Actually, I agree with you Mike.  But in the case of CSI Vegas (haven't seen the others) I think it is centered on the character issues.  The characters in Vegas could be lifted out of CSI and put into any other professional working environment that met a few basic requirements...1) long hours & high stress, 2) opportunity to get out of the office and into the community, 3) the work being done is both time sensitive and critical in nature.

In fact, those three are pretty much standard TV formula.  We see them in every good Cop drama like NYPD Blue, most Ambulance / Firemen shows, every good Emergency Room drama (where #2 becomes the community coming to the office) etc, and most of the better court room dramas.

CSI Vegas is really nothing more than ER or NYPD Blue for the science geek.  The forensic angle was really just a unique framework (unique in that it hadn't really been seen since Quincy and there's lots of new gadgets to play with since then) to stick the characters into.

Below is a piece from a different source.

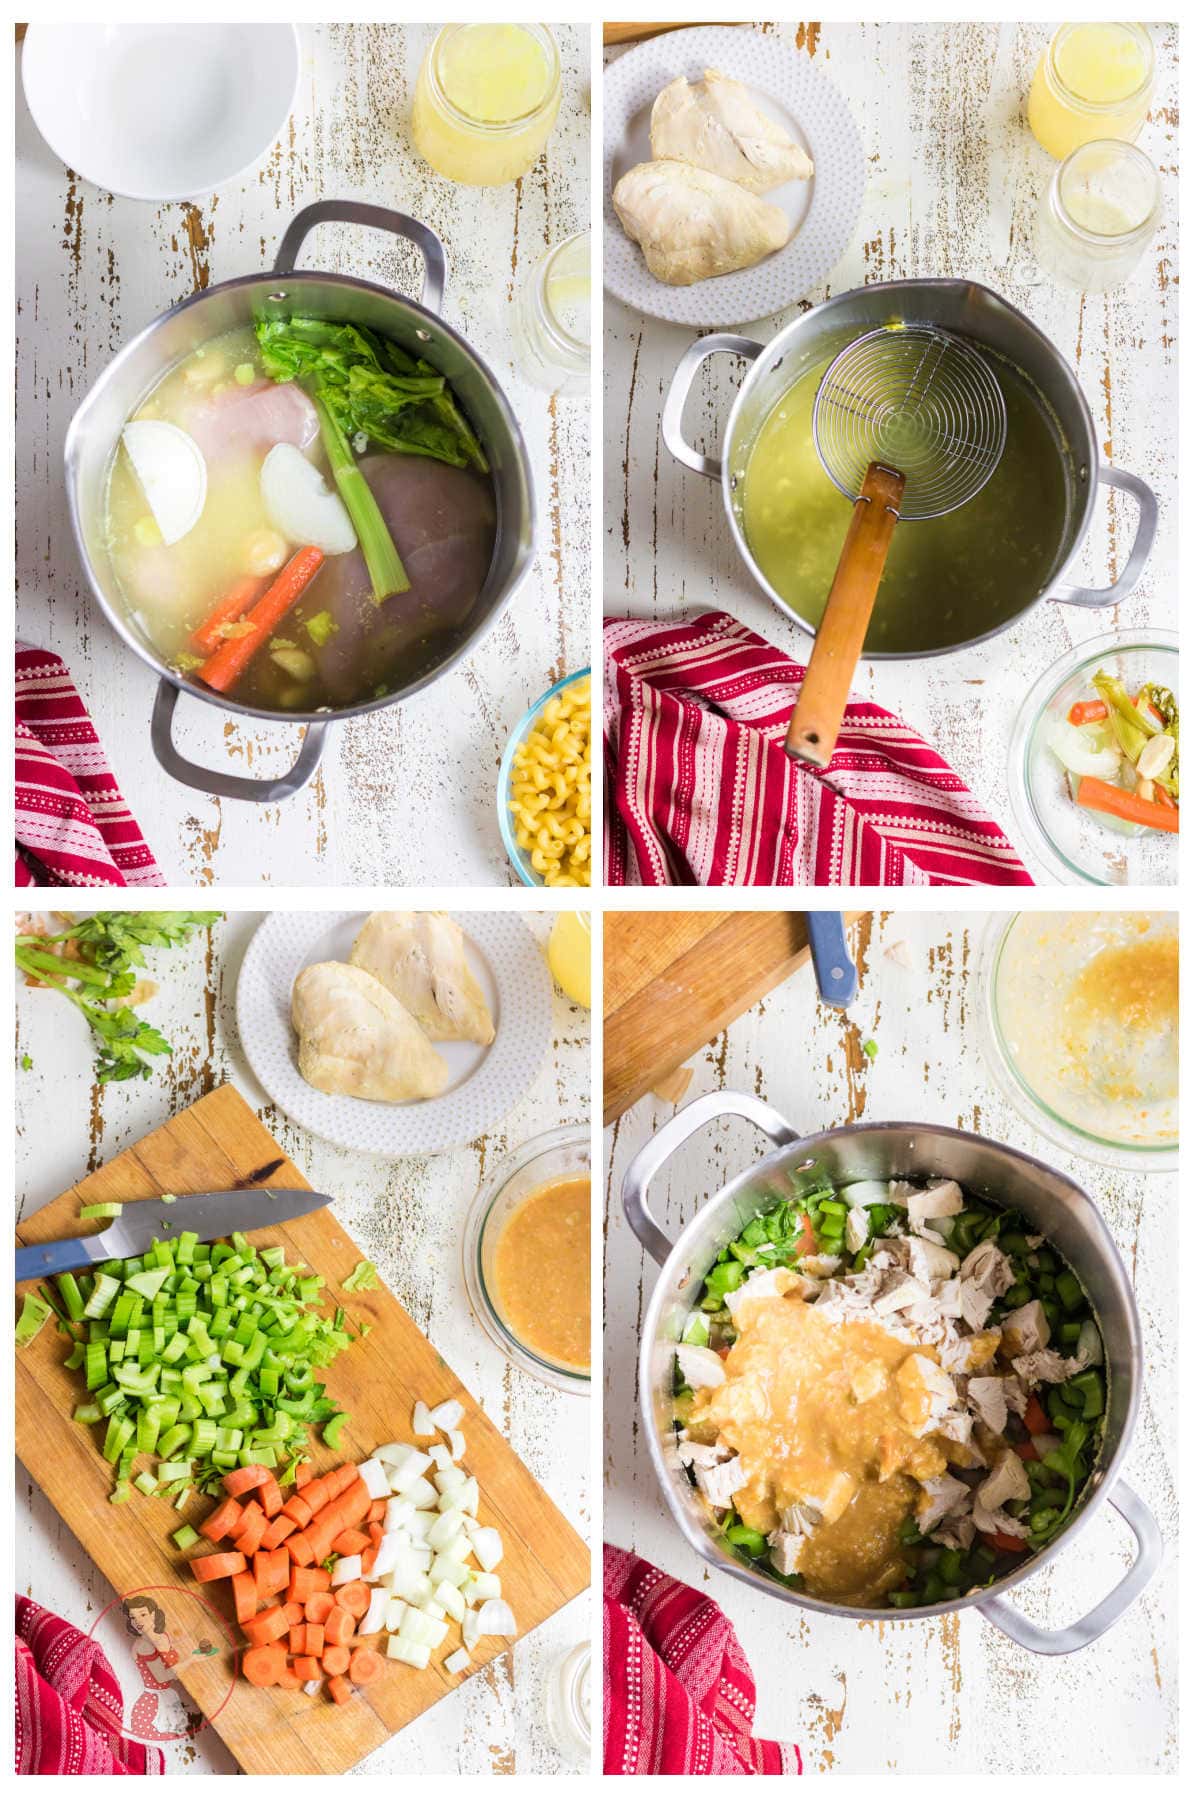 Step by step images showing how to make chicken noodle soup.

The characters are more subtle and less in-your-face than in NYPD blue, but I also think they're more believable as regular people on the job than the often exaggerated characters seen in most dramas.  Its that lack of artificial exaggeration that makes me enjoy CSI alot more than NYPD Blue or the Shield or the Sopranos or other character driven dramas.  I'm also a big fan of Without a Trace whose characters are similiarly not exaggerated.

Now...can you run an effective role playing game with subtle characters?...that's a good question.  Clearly RPGs are easier when the characters are exaggerated almost to the point of caraciture, but I think that's more convenience than requirement.

Mike Holmes

Hmm. You've convinced me. Took looking at some actual examples, but you're generally right. Even if facts in CSI don't always get established in order to promote a character issue, one could play it that way at least.

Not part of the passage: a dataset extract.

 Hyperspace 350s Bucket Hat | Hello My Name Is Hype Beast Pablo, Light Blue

I think that my reaction is partly due to the technical nature of the show. That is, what I can't see people creating are all of the little background technical details. Nobody knows enough to be able to wing that in play. It's Paul's "Big Three" problem all over again. You're either forced to bullshit, or stick with what little you know about the field.

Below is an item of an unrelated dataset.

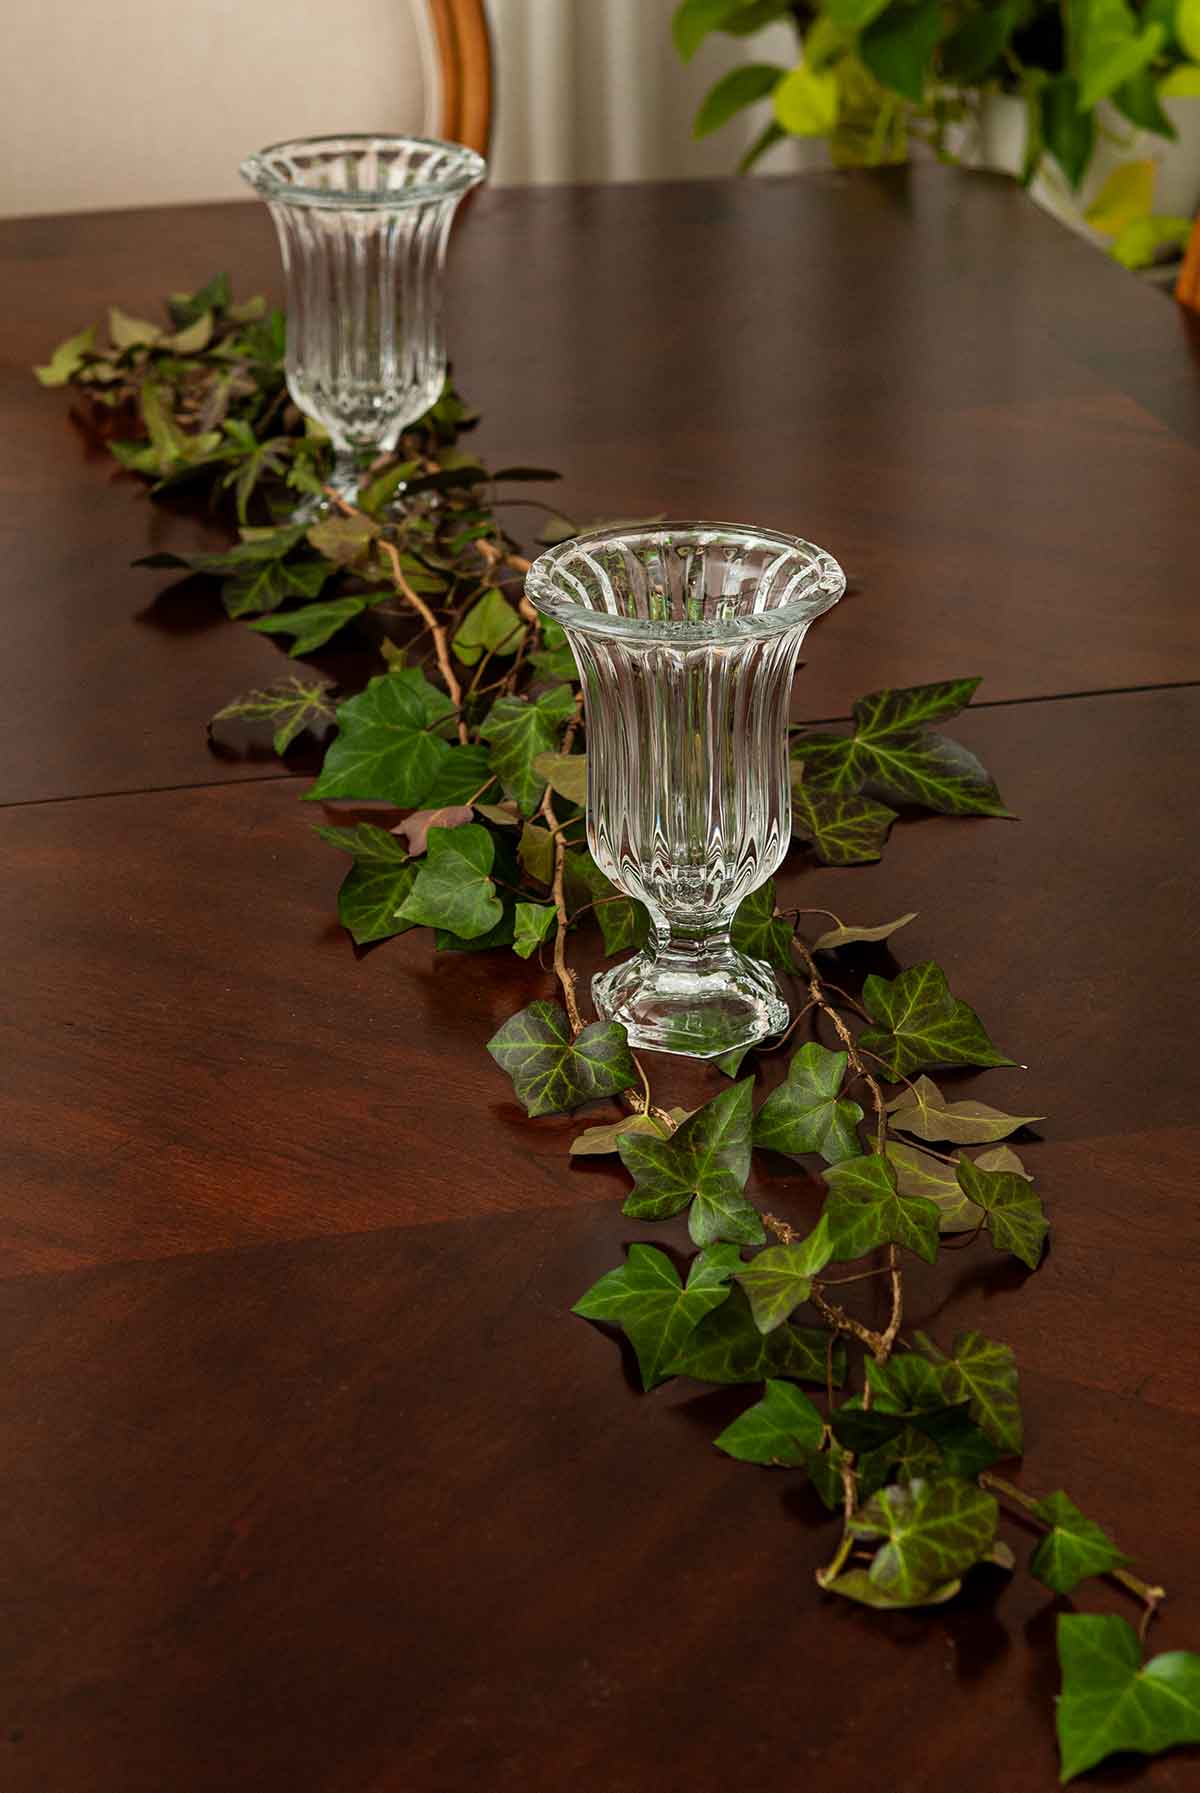 A table with 2 vines of ivy and 2 glass vases.

I bring this up because, one of the entertaining things about these shows is the education factor. This is the teensiest part that you can't do with PTA. You either know the material, or it's not getting in. So, from that POV, you can create a "faux" CSI, but not precisely the same thing.

Call it a quibble if you must. The other shows mentioned do not have this problem. Yes, I suppose that MASH might suffer from this ever so slightly, too. But a show like Scrubs does not. There's never any time in that show about doctors that one would have to know anything technical.

Mike
Member of Indie Netgaming
-Get your indie game fix online.

dunlaing

Quote from: Mike HolmesI think that my reaction is partly due to the technical nature of the show. That is, what I can't see people creating are all of the little background technical details. Nobody knows enough to be able to wing that in play. It's Paul's "Big Three" problem all over again. You're either forced to bullshit, or stick with what little you know about the field.

GM: "Ok guys, next week we're going to find a body out in the desert. Everyone come to the table with at least one geeky technical detail you find on the internet over the course of the week."

Next week:
PC: "Look at this, his body is mummified, the neck has stretched out. He was probably hanged for a few days somewhere near here..."

GM: "sweet" scribbles furiously

Mike Holmes

Not as easy as that. For PTA, it has to be a detail that will create some situation in which a character issue is displayed. The example that convinced me about CSI that I remembered was that Catherine at one point finds these women who are going through anti-aging treatments (which at first seem to be ebola), and the issue of her own appearance and age becomes central.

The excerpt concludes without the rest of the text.